# Les Poochs out of stock



## bigredpoodle (Sep 13, 2009)

Hang in there someone else is going to be selling them .. I will post when I know more LesPooch will no longer be able to have the brushes Looooooooooooong story


----------



## outwest (May 1, 2011)

They won't be able to have the brushes?? I am up for a long story...


----------



## bigredpoodle (Sep 13, 2009)

Maybe this will help some


----------



## ArreauStandardPoodle (Sep 1, 2009)

Dang nab it! I was going to order two. I have been using knock offs that I absolutely love and know the real deal must be even better, which is really saying something! Expensive as all get out, but worth their weight in gold!


----------



## bigredpoodle (Sep 13, 2009)

I have several les pooch and love them , hopefully someone will pick up the line in America i know it is in the works .. I will report back as soon as I know ...


----------



## KirklandPoodle (Oct 22, 2012)

That is interesting.
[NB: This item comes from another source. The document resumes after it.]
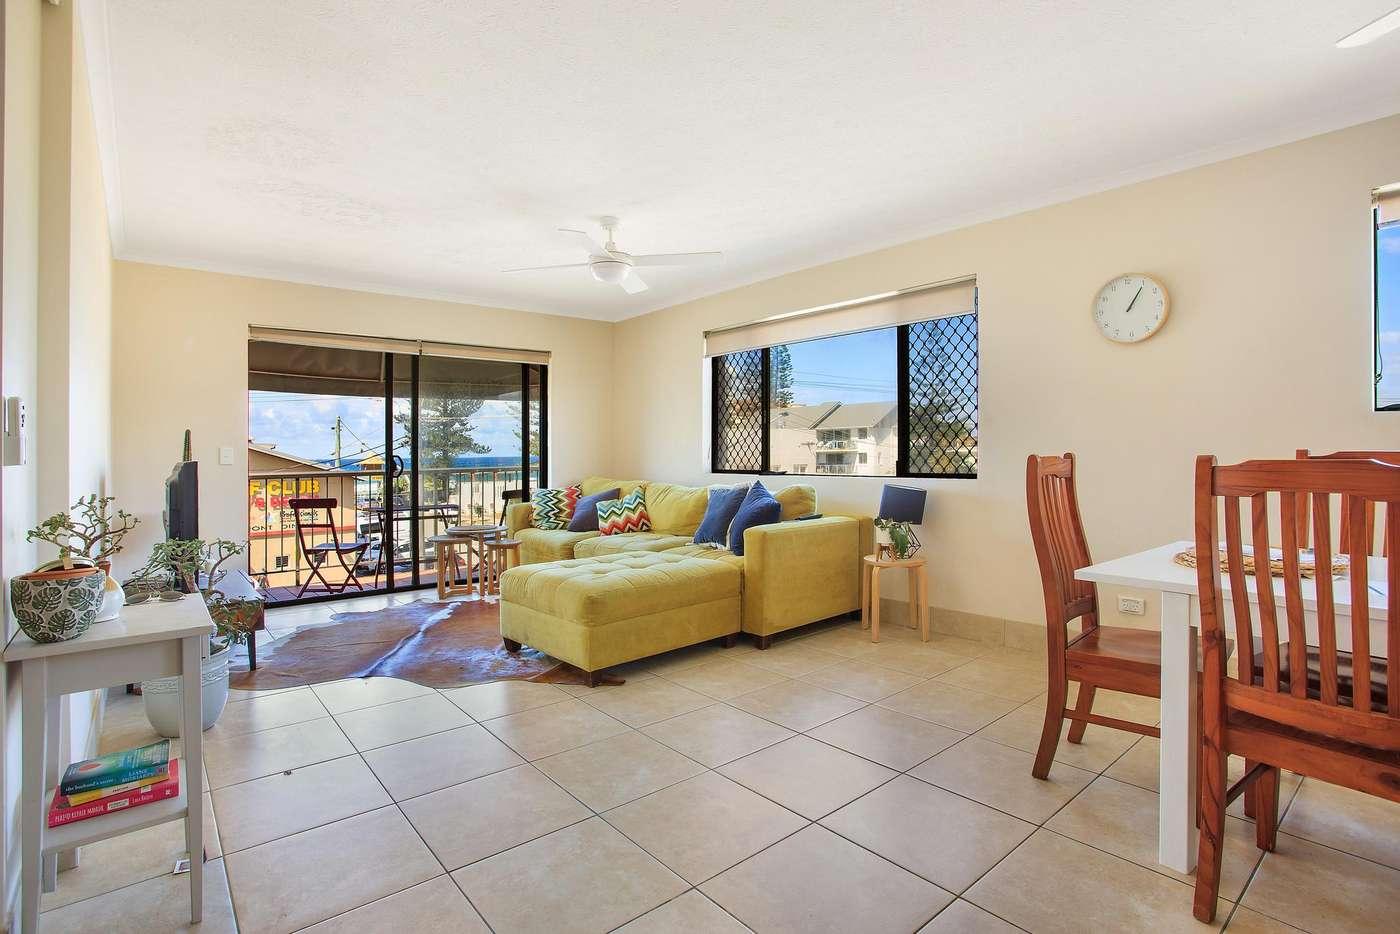 Sixth view of Homely unit listing, 8/26 Albatross Avenue, Mermaid Beach QLD 4218
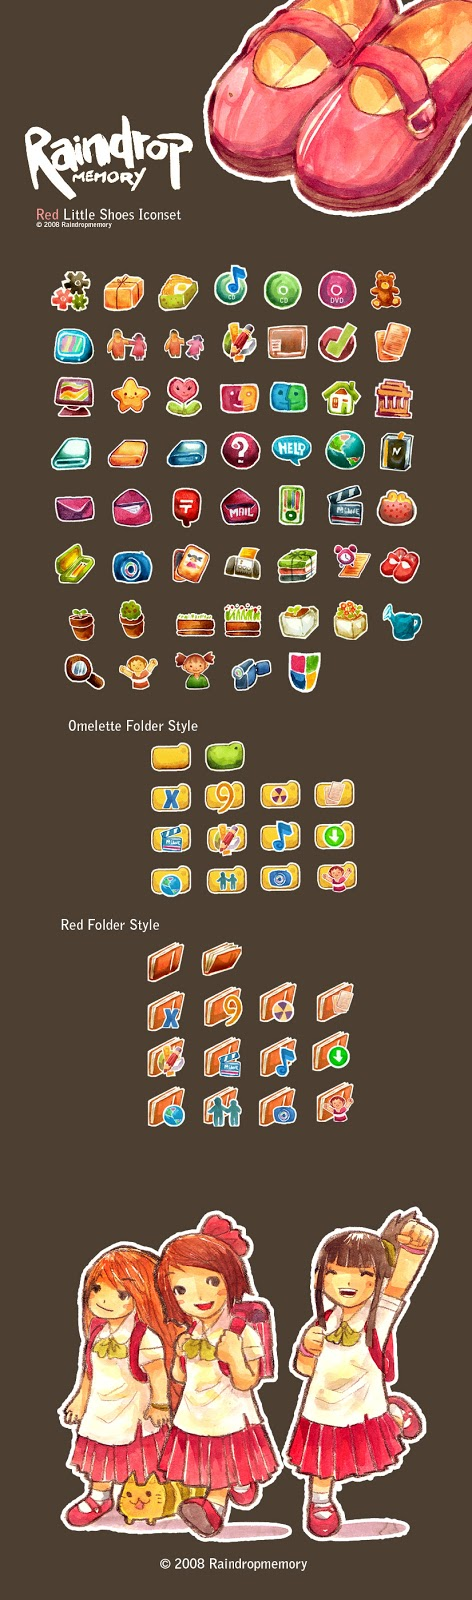 I love Kawaii: Rilakkuma Desktop Wallpaper With Cute Icons

It seems odd now that the Les Poochs lady today emphasized how the brushes were now going to be made in the USA. Their 800 number is also set to loop play an announcement - which says leave a message and they'll call you back, only it just keeps looping, plus it updates their toll number, which is how I finally got her after several calls.


----------



## bigredpoodle (Sep 13, 2009)

Were you unaware that the brushes were handmade in Germany ? Never in America.. these that are to be made in America will not be the same as the brushes before.. But the choice is certainly yours.. I will be calling Germany


----------



## KirklandPoodle (Oct 22, 2012)

Nope, didn't know that. All I know is that the people on this forum rave about them, but I don't believe anyone had ever mentioned where they were made before. I did search on line, and found a UK reseller for ActiVet, I didn't see a statement as to whether or not they ship internationally. I'm going to be over there in a few months...if they don't ship to here, I am sure they'll ship to my hotel there


----------



## bigredpoodle (Sep 13, 2009)

KirklandPoodle said:


> Nope, didn't know that. All I know is that the people on this forum rave about them, but I don't believe anyone had ever mentioned where they were made before. I did search on line, and found a UK reseller for ActiVet, I didn't see a statement as to whether or not they ship internationally. I'm going to be over there in a few months...if they don't ship to here, I am sure they'll ship to my hotel there


The letter gives a telephone number ... So i will probably call .. Find out if we can get them here i am sure that they will


----------



## outwest (May 1, 2011)

This website doesn't say they are out of stock??

Les Poochs Fragrances - POOCH BRUSH SYSTEM

Is it only when you hit the final 'order' button?

By the way, quite a while back there was a Les Pooch group buy here. I know many people who ordered items did not get them for months. There has been a supply issue for a while. I have a really hard time believing any of those brushes are worth the $75-100 or more they charge for one brush. 

Pawbrothers makes nice slickers and so does Doggy Man. I love my greyhound pin brush. That was a splurge at $35, but worth it. The other must have for me is the CC poodlecomb.


----------